There are a plethora of things about raising my little boy that don't make sense at all.
It doesn't make sense that . . .
* he would prefer if we removed the shocks from our car so he could feel every bump.
* he will be perfectly happy and then spit up all over the place as if he were not feeling well at all.
* he will nurse quietly every time except before he goes down to bed at night, at which point I feel like an alligator wrestler.
* he wants to suck his left hand but sleep with his head to the right AND be on his tummy.
* he will almost always become happy just by going outside (but it's FREEZING out there).

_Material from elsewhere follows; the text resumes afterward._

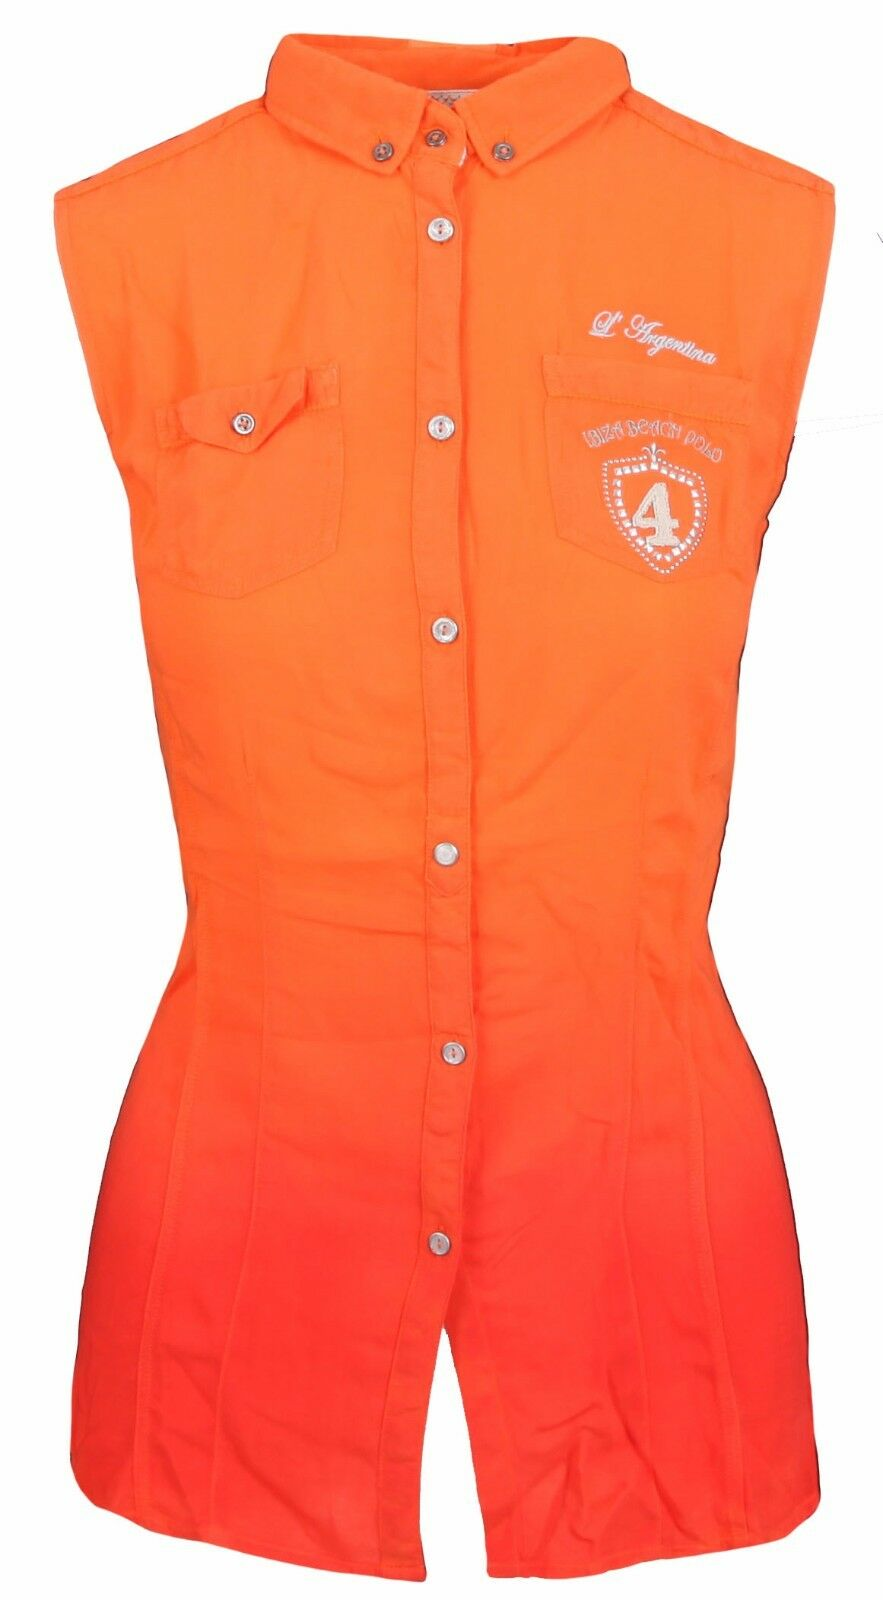 L' SilberINA Damen Blause damen Shirt Größe 38 M Ärmellos 100% Viskose Orange Rot

* he was waking up only once a night for two weeks and then went back to twice and now to three times.
But, despite all of these little frustrations, I have even more blessings. I have spoken with moms in the last week or two who have children with learning disabilities, sleeping disorders, intense moral struggles, etc. What inspiring women these mothers are to me!
They have learned that, (as a good friend once told me) we are asked to have faith, hope, and love--not knowledge--as we approach each new challenge in life. I will never be able to perfectly plan and proceed with absolute confidence year to year (or hour to hour!), but that does not make me a failure as a mother.
When I feel frustrated, overwhelmed, ignorant, helpless, and tired, I try to fight back tears and remember the Mother who had the greatest Life entrusted to her as she was thrown into one new environment after another, homeless and poor. She didn't always know or understand. She did not get a divine manual for raising the Son of God. She too had to just trust, hope, and love as best as she could.
So, that is my resolution too: Stop, drink some tea, snuggle with my congested little boy, take a deep breath, and take one more step forward. I need to remember to thank God for the bumps in the road (every pothole that makes James smile)--those moments (good or bad) that don't make sense but are part of my daily life and need to be taken in stride with a smile and a prayer.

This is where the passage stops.